- _PROBLEM STATEMENT_:
Return each record unchanged and drop the images.

- Opening Delimiter -

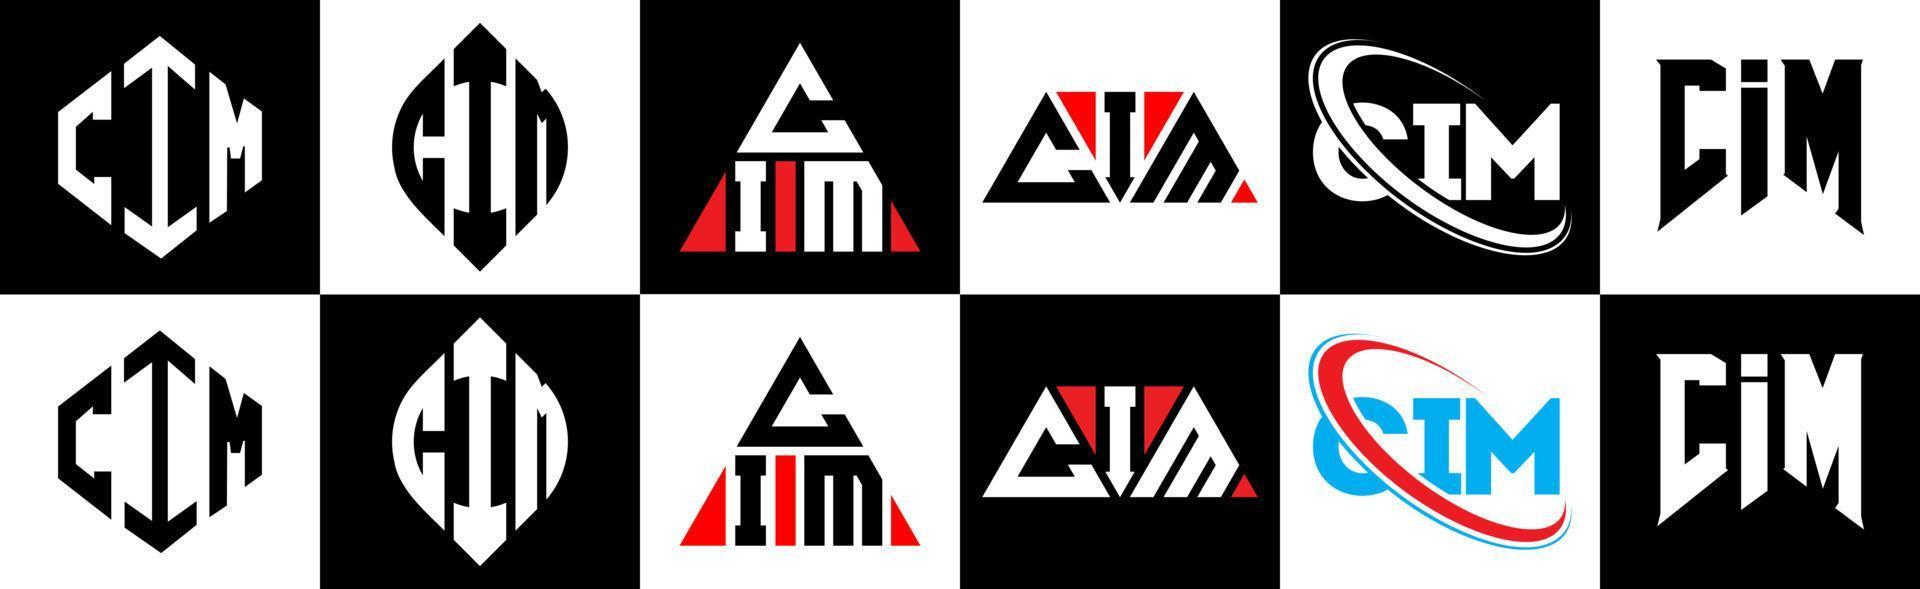 création de logo de lettre cim en six styles. cim polygone, cercle, triangle, hexagone, style plat et simple avec logo de lettre de variation de couleur noir et blanc dans un plan de travail. cim logo minimaliste et classique vecteur
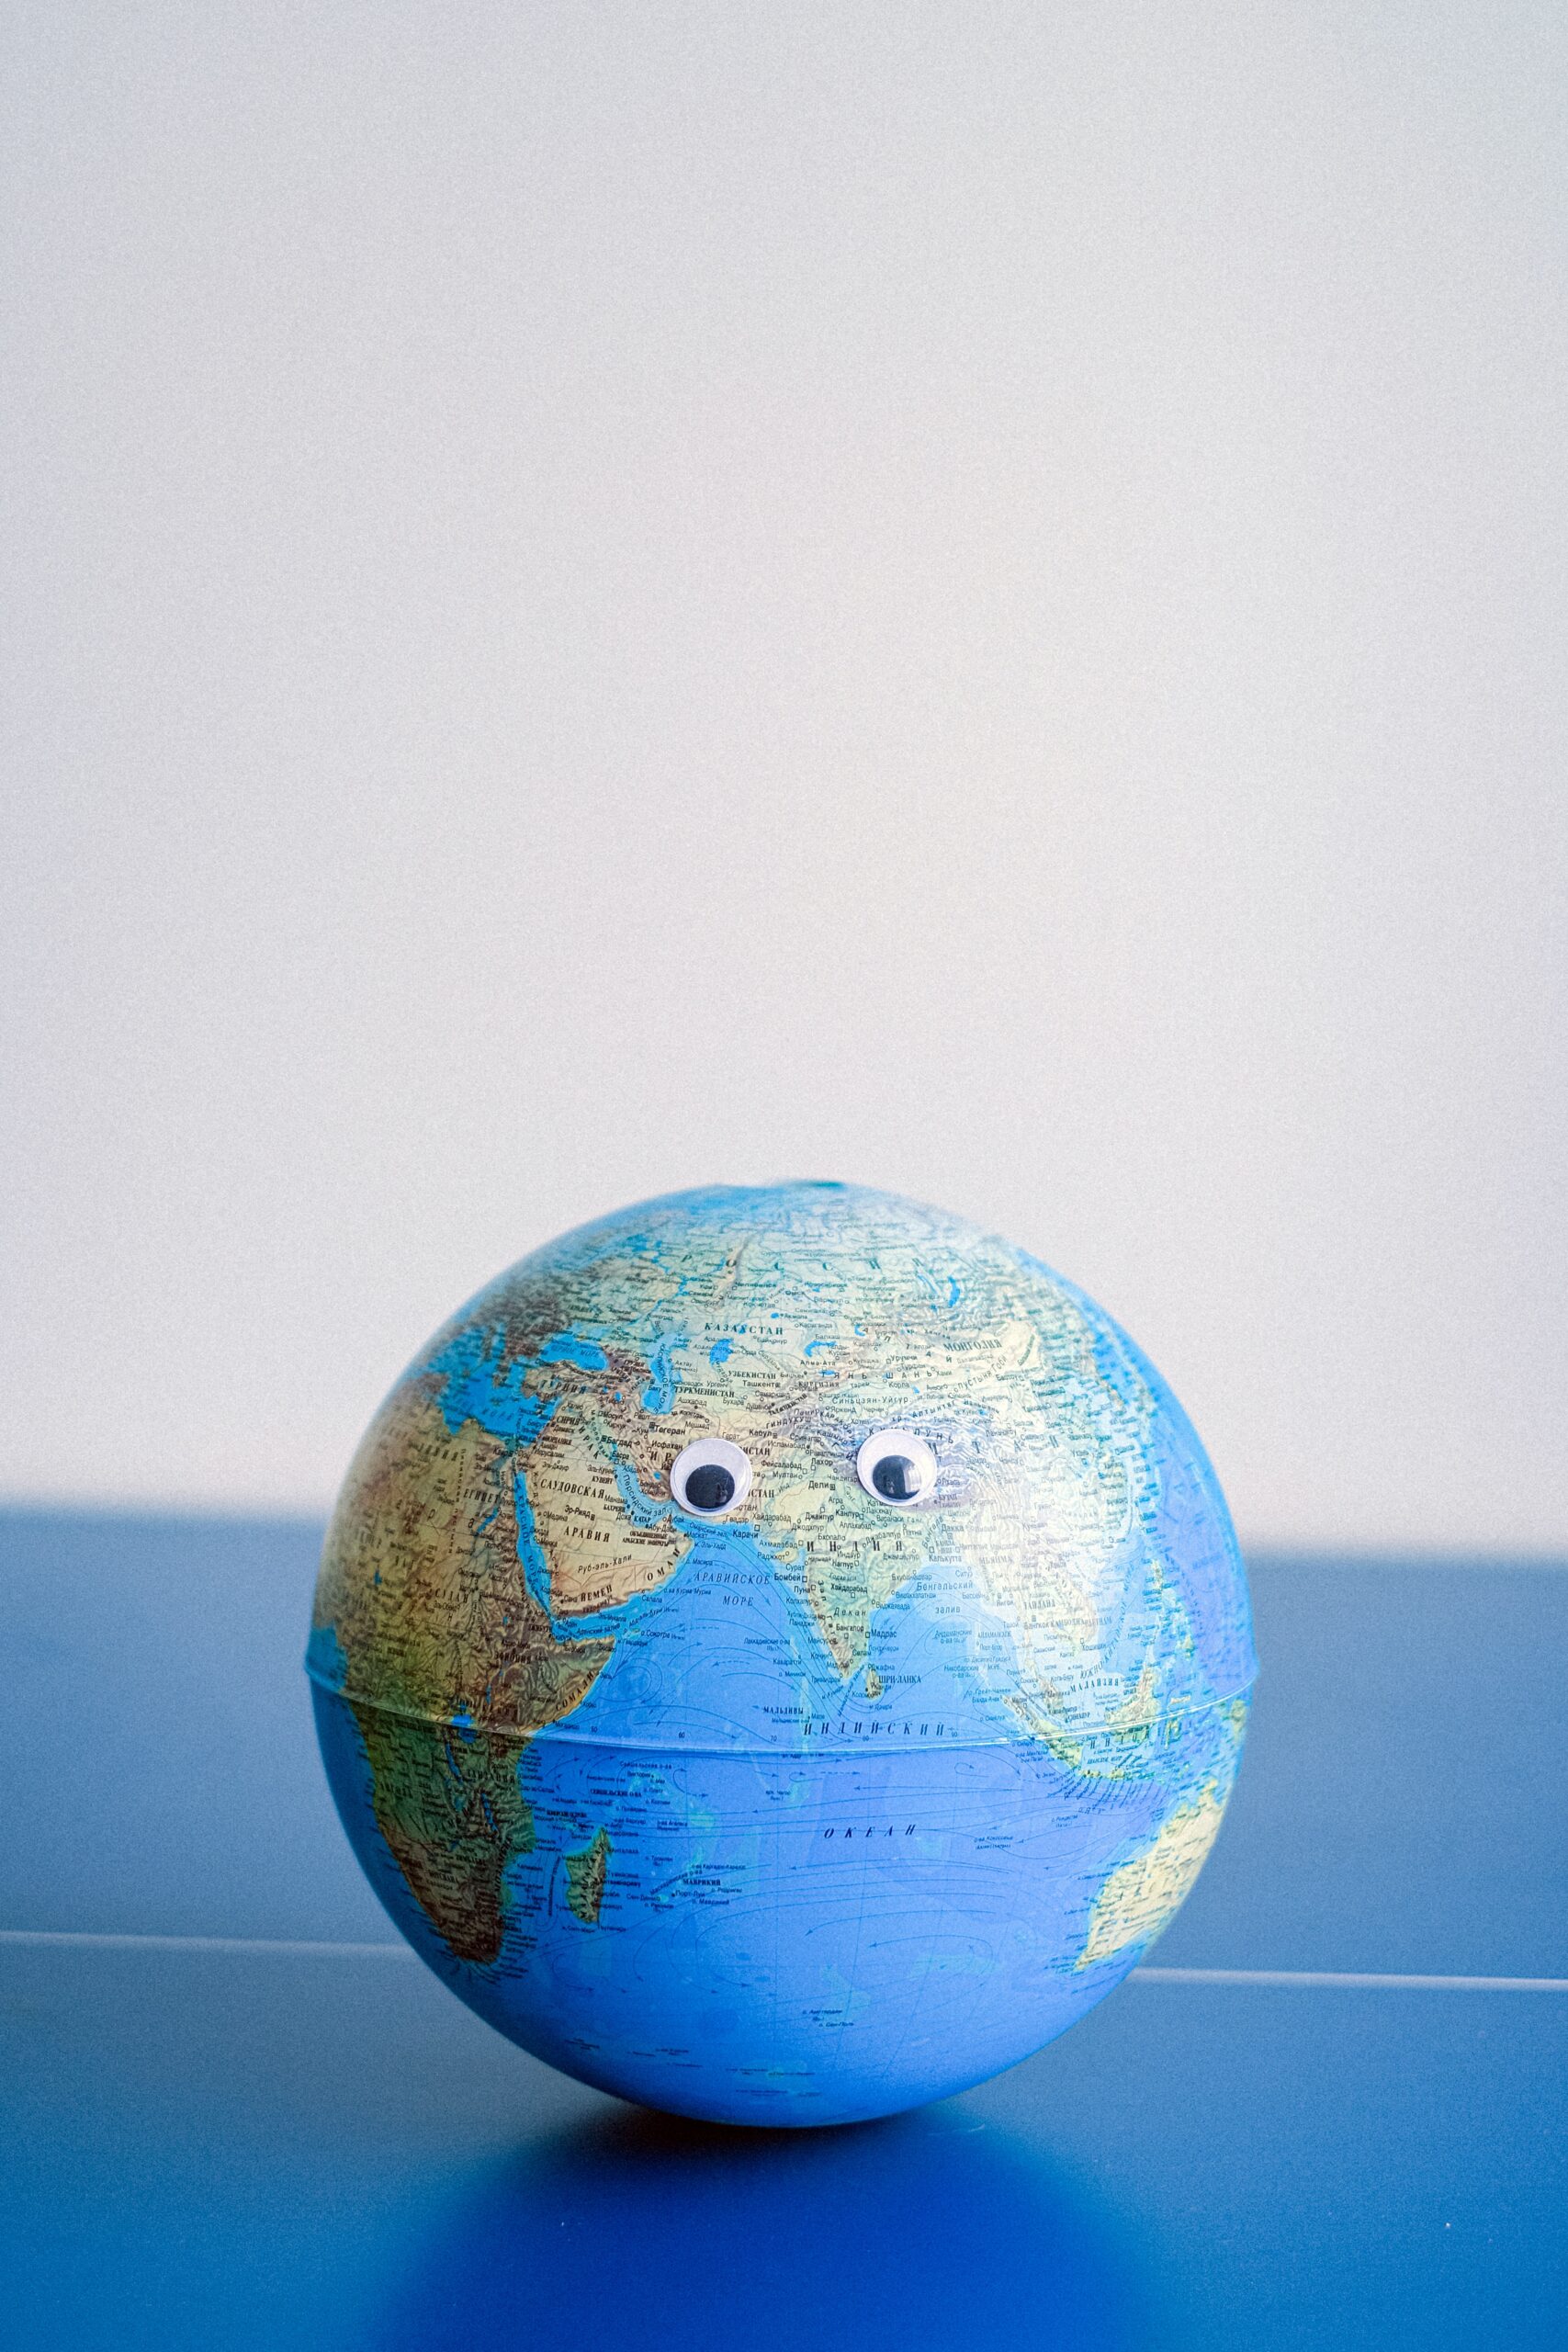 Bild eines Globus, dem Augen aufgeklebt sind, so dass er aussieht wie ein Gesicht.
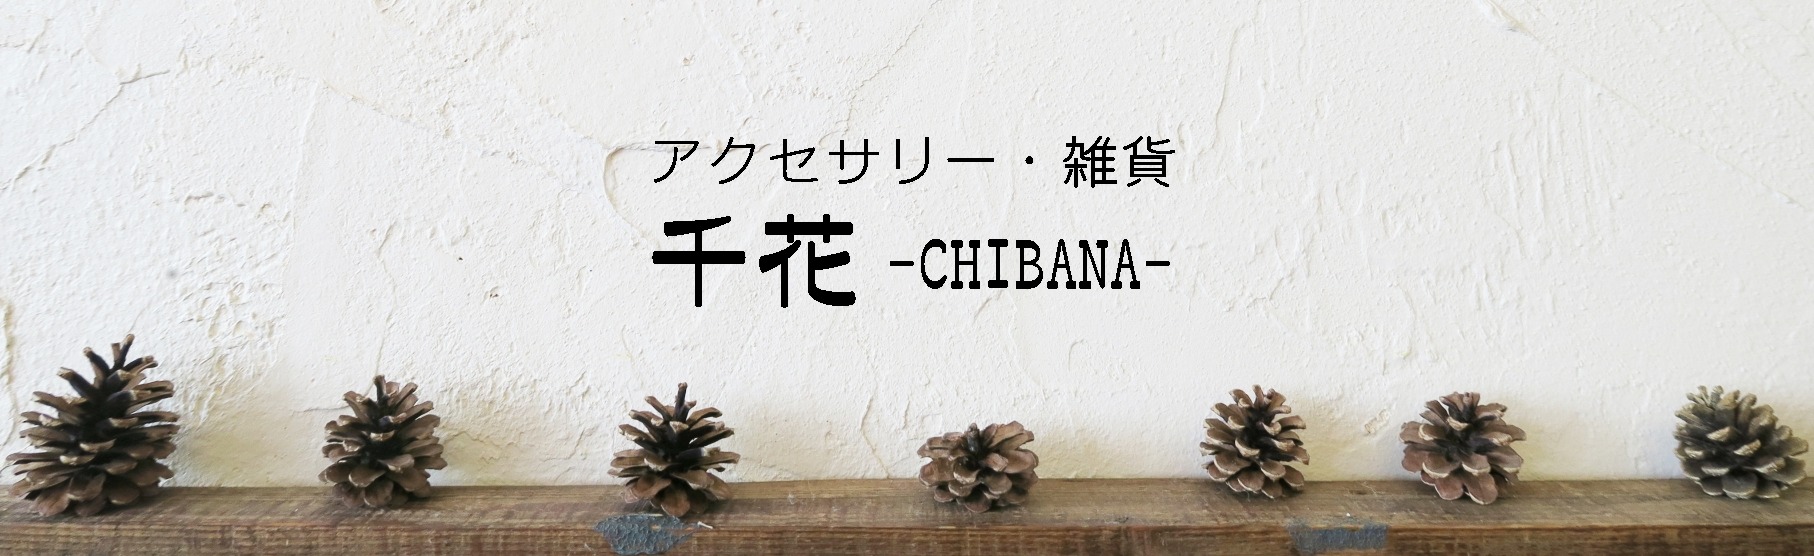 千花 -CHIBANA- 【雑貨とアクセサリーの店】
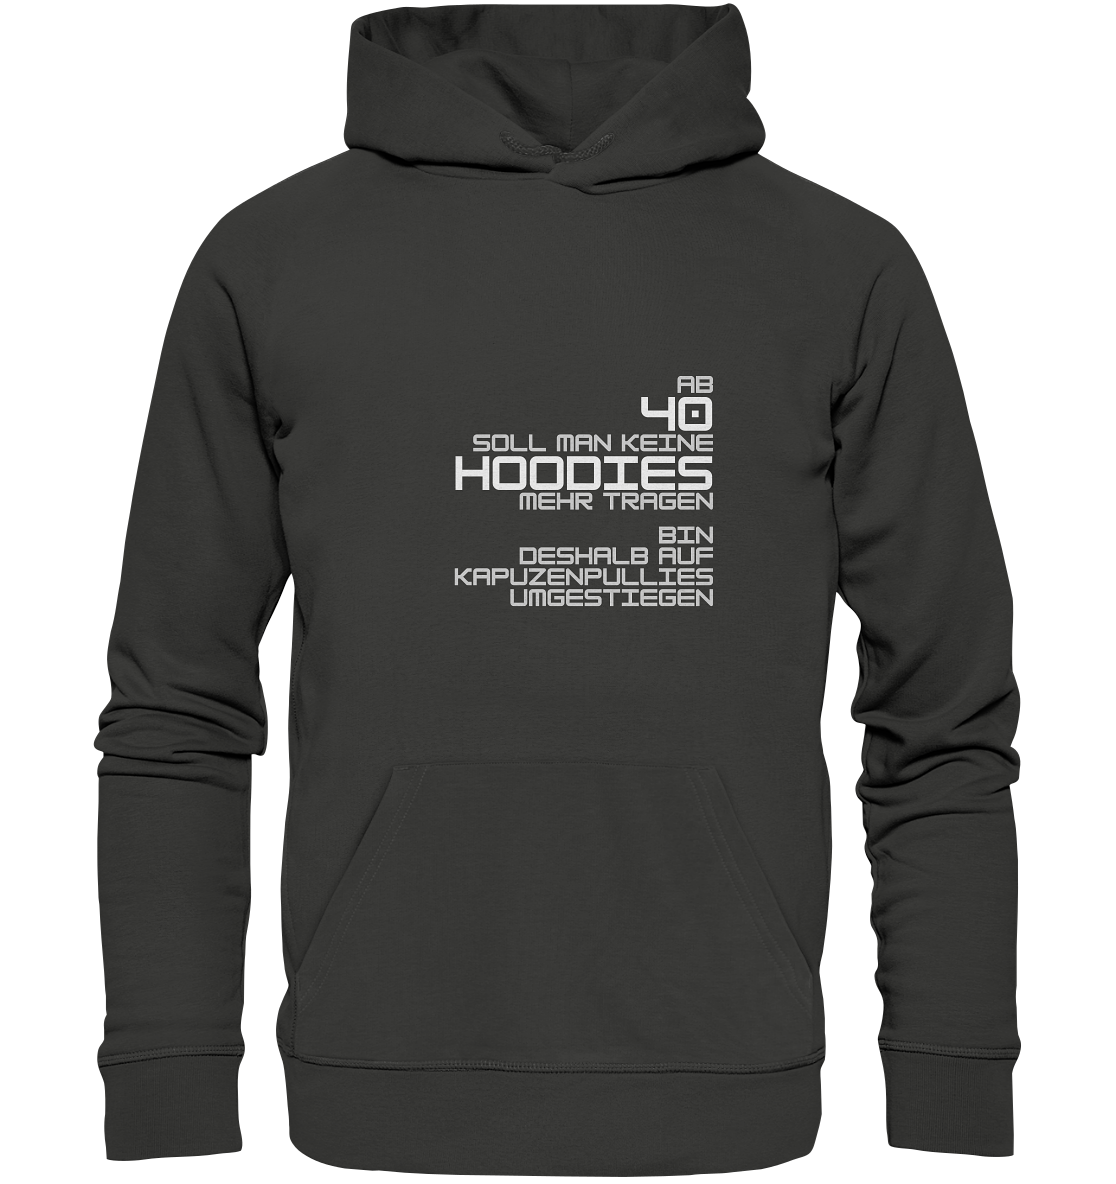 Hoodie für Damen+Herren, Spruch vorn: "Ab 40 soll man keine Hoodies mehr tragen." dunkel grau
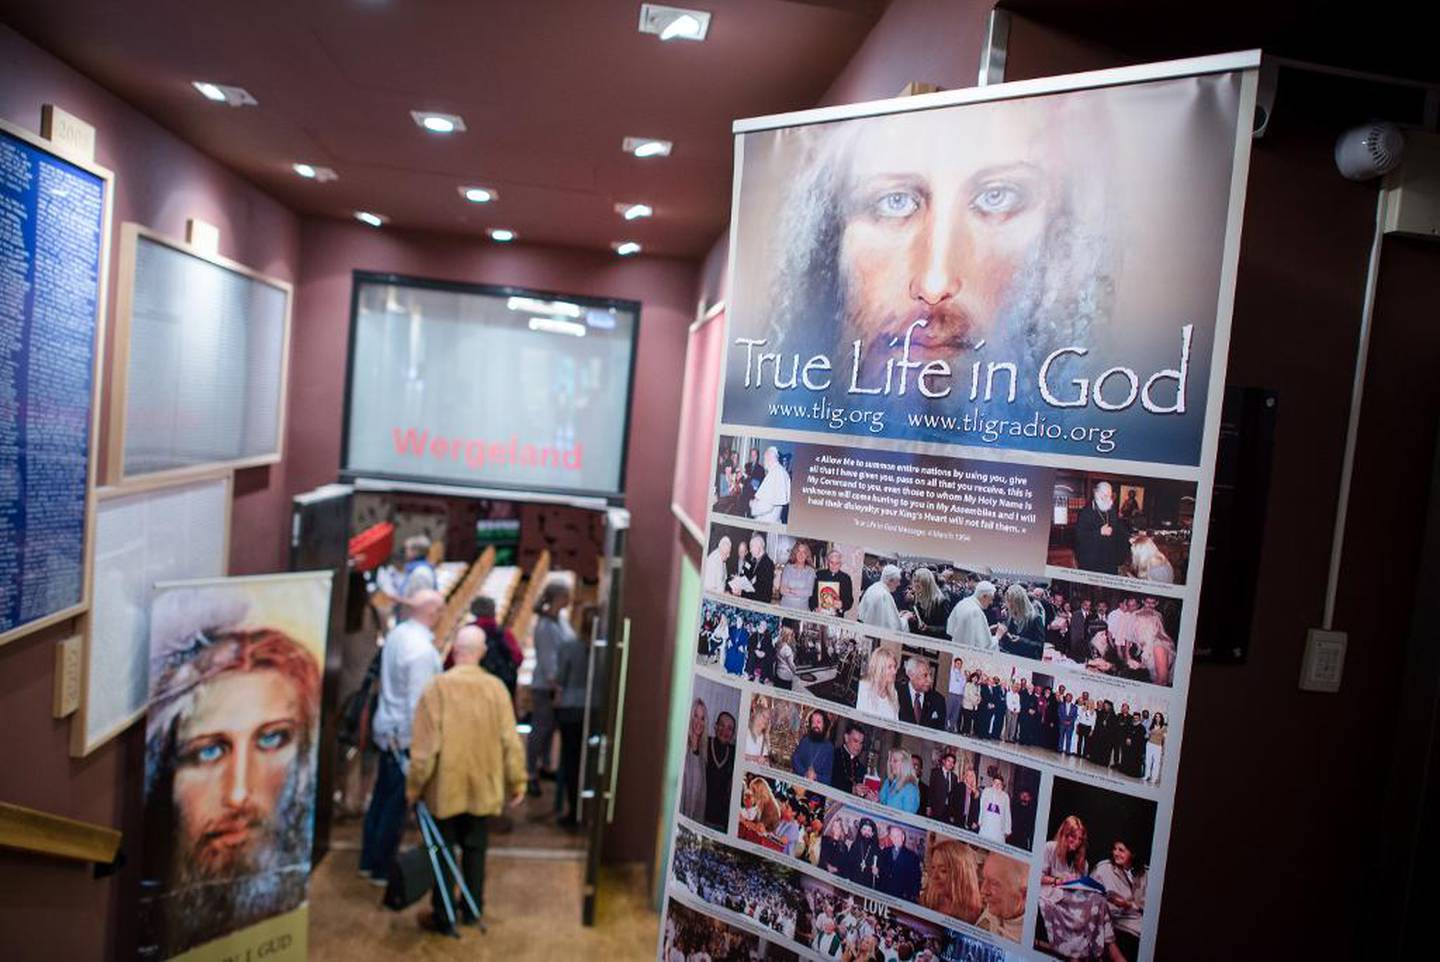 En plakat ved inngangen til møtet viser bilder av Vassula Rydén som møter folkemasser og kirkelige ledere over hele verden.

- Closing Delimiter -

- _FINAL ANSWER_:
 création de logo de lettre cim en six styles. cim polygone, cercle, triangle, hexagone, style plat et simple avec logo de lettre de variation de couleur noir et blanc dans un plan de travail. cim logo minimaliste et classique vecteur
 Bild eines Globus, dem Augen aufgeklebt sind, so dass er aussieht wie ein Gesicht.
 千花 -CHIBANA- 【雑貨とアクセサリーの店】
 Hoodie für Damen+Herren, Spruch vorn: "Ab 40 soll man keine Hoodies mehr tragen." dunkel grau
 En plakat ved inngangen til møtet viser bilder av Vassula Rydén som møter folkemasser og kirkelige ledere over hele verden.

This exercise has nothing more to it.